The Palestinian gunman, his face screwed up with rage, ran towards us, raising his AK-47 and yelled, “Get your hands up! Get your hands up!”
It was June 2007 and in the north of Lebanon, the Lebanese army and Fatah Al-Islam were in the early stages of a bloody battle at the Nahr Al-Bared Palestinian refugee camp — a confrontation that would last 106 days and leave 168 soldiers, over 200 militants and dozens of civilians dead.
The fighting in the north clearly had unnerved the Palestinian gunman. He was a guard at the entrance of a small military base at Ain Al-Bayda, near Kfar Zabad village in the Bekaa Valley, manned by the Popular Front for the Liberation of Palestine-General Command (PFLP-GC), a Damascus-backed radical faction. The PFLP-GC runs five small bases in Lebanon: Ain Al-Bayda, Wadi Heshmesh just north of the Bekaa village of Qussaya, Jabal Al-Maaysara on a lofty mountain plateau east of Qussaya, Sultan Yaacoub in the western Bekaa, and another at Naameh, 15 kilometers south of Beirut.

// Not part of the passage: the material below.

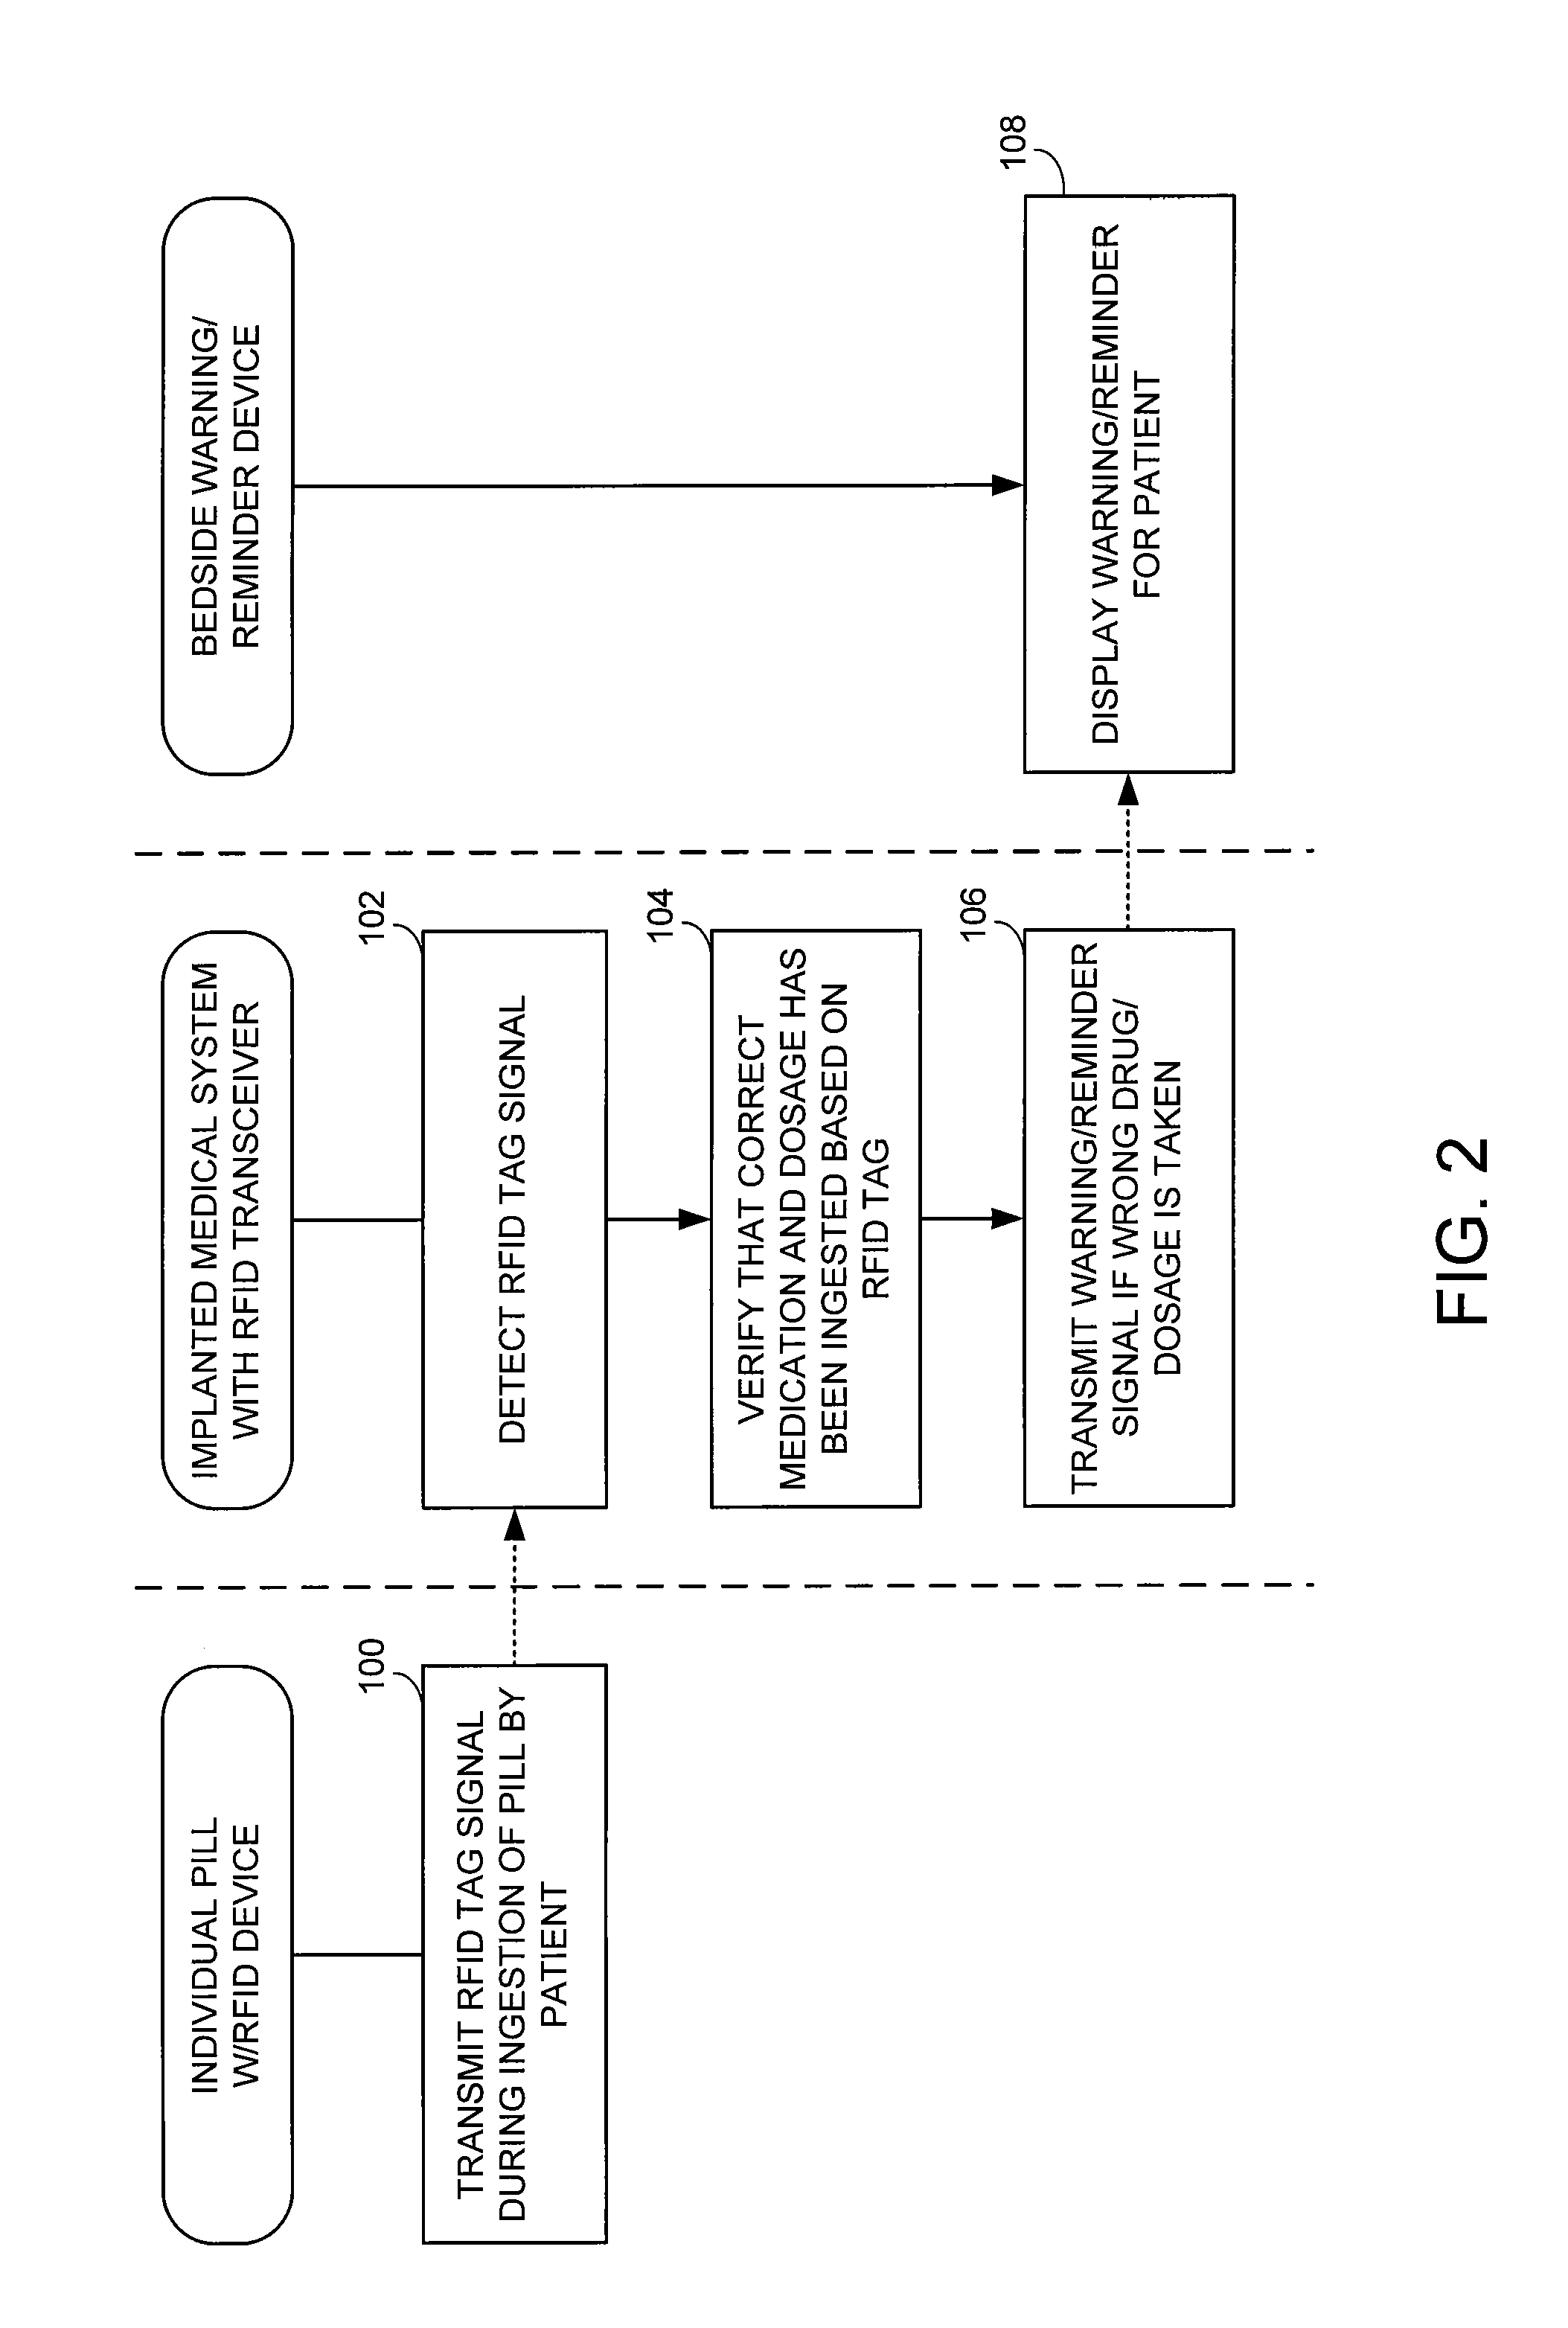 Method and apparatus for monitoring ingestion of medications using an implantable medical device

The PFLP-GC and Fatah Intifada, another Syrian-supported Palestinian group that also operates small camps north of Rashaya in the western Bekaa, were on high alert during the fighting in Nahr Al-Bared.
My two colleagues and I were forced to sit on the ground, our hands on our heads, for five minutes until the arrival of the guard’s boss, incongruously dressed in a purple shell suit. Calm and polite, he told us: “We are guests in this country and we are here in these bases only to help liberate Palestine.”
That incident occurred more than a year after the National Dialogue, the round-table forum grouping Lebanon’s top leaders, had agreed to shut down the Palestinian bases and ban arms carried by Palestinian militants outside the 12 established refugee camps. Nearly four years after that decision was reached, it has yet to be implemented. The Palestinian bases still exist, surrounded by Lebanese troops who prevent civilians and journalists from accessing them.
The issue of the Palestinian bases may well become salient again in the coming months, given the easing of tensions between Lebanon and Syria since the formation of the new government in Beirut in November, and the visit to Damascus by Prime Minister Saad Hariri in December, 2009.
Although both countries have undertaken the historic step of exchanging formal diplomatic relations with the opening of embassies in Beirut and Damascus, the pace of rapprochement will depend greatly on how Syria reacts to Lebanese requests for assistance in some key — but solvable — areas. The first is the fate of the PFLP-GC and Fatah Intifada bases, the second is a decision to begin the long-neglected delineation and demarcation of the border between the two countries.
It is evident that following the Nahr Al-Bared experience, the army has no taste for forcibly dismantling the Palestinian bases, even though in military terms it would be a much simpler task to shut the isolated rural outposts than weeding out Fatah Al-Islam’s die-hards from the cramped interior of a Palestinian refugee camp.
Furthermore, the PFLP-GC, in particular, is an ally of Hezbollah — these days serving almost as the Lebanese party’s private militia force, which adds an awkward political component to closing the bases.
In January, Abu Musa, the leader of Fatah Intifada, declared that he rejected the disarming of Palestinians outside the refugee camps and that the fate of their weapons was a matter to be decided among Palestinians.
Abu Musa’s rare press conference appears to have been an effort to hinder attempts to close the bases before they had even begun. Importantly, however, Abu Musa would not have made such a bold declaration without the knowledge of his hosts in Damascus. Syria has said that because the bases lie on Lebanese soil, it has no jurisdiction to have them closed. In reality, if Syria instructed the PFLP-GC and Fatah Intifada to dismantle their outposts and return to the refugee camps in Damascus or Beirut, they would do so quickly and with a minimum of fuss.
Damascus bridles against international pressure and tends to dig in its heels when lectured by the West. Whether Syria will show goodwill over the Palestinian bases, remains to be seen. But if it does it would win international praise at almost no tactical cost to itself.
There are indications that the United States will soon develop a more nuanced approach toward Lebanon, beyond the repeated calls for the implementation of Resolution 1701. The new track will focus on the border between Lebanon and Israel, probably in terms of seeking to extend the current calm along the Blue Line. But there will be other indirectly related issues the Americans will likely pursue, such as encouraging Lebanon and Syria to begin mapping and formalizing their joint border and closing down the Palestinian military bases.
How Syria responds to such calls will provide early indicators as to how the Lebanon-Syria relationship will unfold in the months ahead.